What Council is doing to protect and prepare the community for bushfire

  • Council is taking a proactive role in emergency preparedness with support, education and awareness raising for the community, including for bushfire risks.
  • City of Ryde has an established, extensive network of Asset Protection Zones and Fire Trails which are maintained regularly. Asset Protection Zones ensure there is adequate setback between vegetation and dwellings to act as a buffer in times of fire.
  • Additional hazard reduction activities are regularly undertaken within Council reserves to minimise fuel load.
  • Council also participates in community education programs and is a member of the Lane Cove, Ryde, Willoughby, Hunter's Hill Bushfire Management Committee. This Committee is responsible for coordinating bushfire planning in the district, which includes a revised Bushfire Risk Management Plan which went on public exhibition in January and February 2020.
  • Our City Planning and Environment Directorate is responsible for ensuring that adequate fire protection measures are in place during the planning stages of new development and are all assessed according to the Rural Fire Act and regulation for Bushfire Prone Lands and Asset Protection Standards.

Council's role in relation to areas close to Lane Cove National Park and bushland in our City

  • Physical hazard reduction burns are undertaken at the nomination by the NSW Rural Fire Service (RFS). These are supported by Council in areas identified under the RFS-gazetted bushfire prone land map and risk management plans where areas are deemed at highest risk for possible fire run or threat. Council does not undertake these burns but provides support to enable them to occur.
  • Council manages these areas through operational works programs to maintain separation clearances from residential areas to bush, through active bush regeneration contracts and volunteer support via Bushcare groups.
  • Under climate change, conditions have become more conducive to bushfires and the challenges of managing fuel loads have increased. Outside of asset protection zones, Council does not remove natural material from the bushland floor. Reported perceived fire risks reported to council are individually assessed to determine if nominated ‘threats’ are deemed as high-risk threat and then treated accordingly. These natural areas are critical for both habitat and are a food source for native animals and it is not practical nor realistic to remove all leaf litter from 205 hectares of bushland areas as this will not entirely prevent fire or fire spread.  Attack and spread from ember attack has been identified as a higher risk in current climatic conditions.
  • Management for bushfire is both complex and layered in its approach and Council prioritises risk to life as a priority in managing asset protection and natural areas management programs to minimise these threats.

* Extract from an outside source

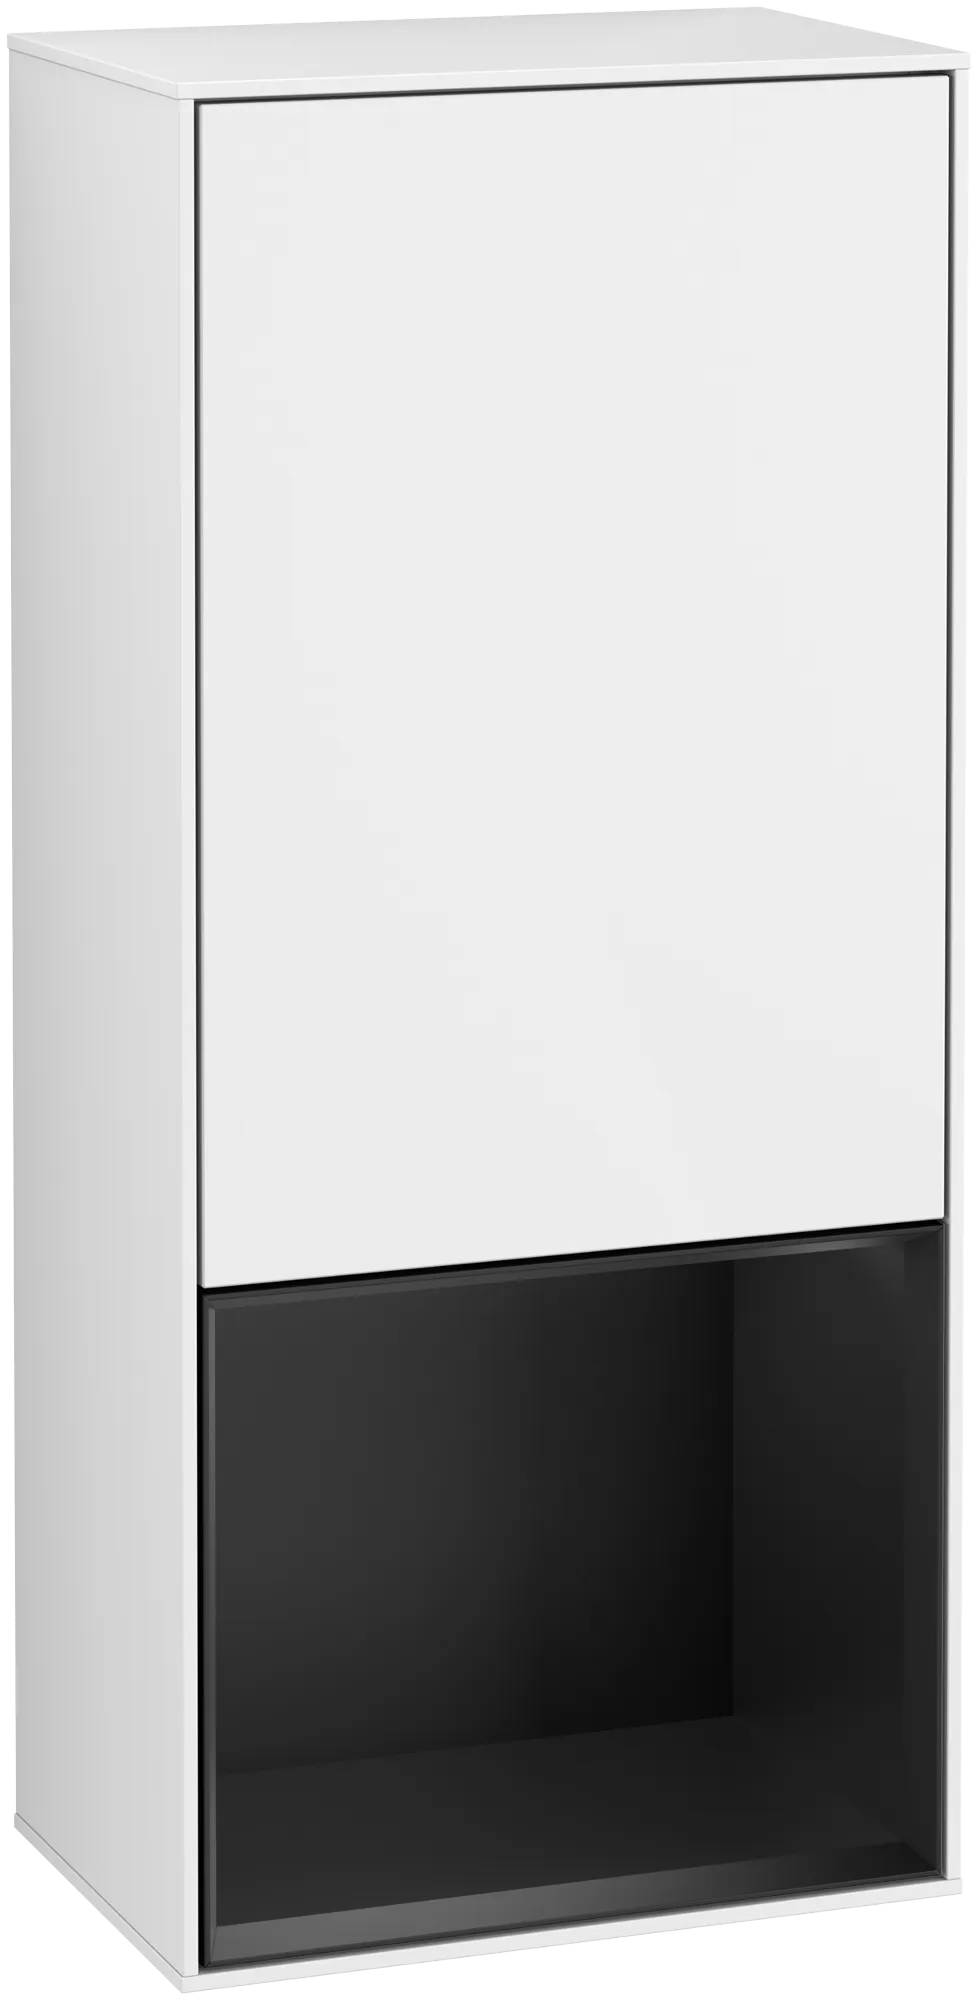 Bild von VILLEROY BOCH Finion Seitenschrank, mit Beleuchtung, 1 Tür, 418 x 936 x 270 mm, Glossy White Lacquer / Black Matt Lacquer #G550PDGF

Council's role in reducing the risk of bushfires impacting our parks and playgrounds

  • The vast majority of Council parks and playgrounds are not located on land identified as bushfire prone by the NSW RFS. The manner in which Council manages its land is detailed within the respective adopted plan of management documents applicable to that land area.
  • These documents reference Council’s requirement to comply with relevant legislation and State Environmental Planning Policies, which require Council to comply with any action that the relevant authority deemed necessary to undertake in regard to any hazard reduction burning or vegetation clearing.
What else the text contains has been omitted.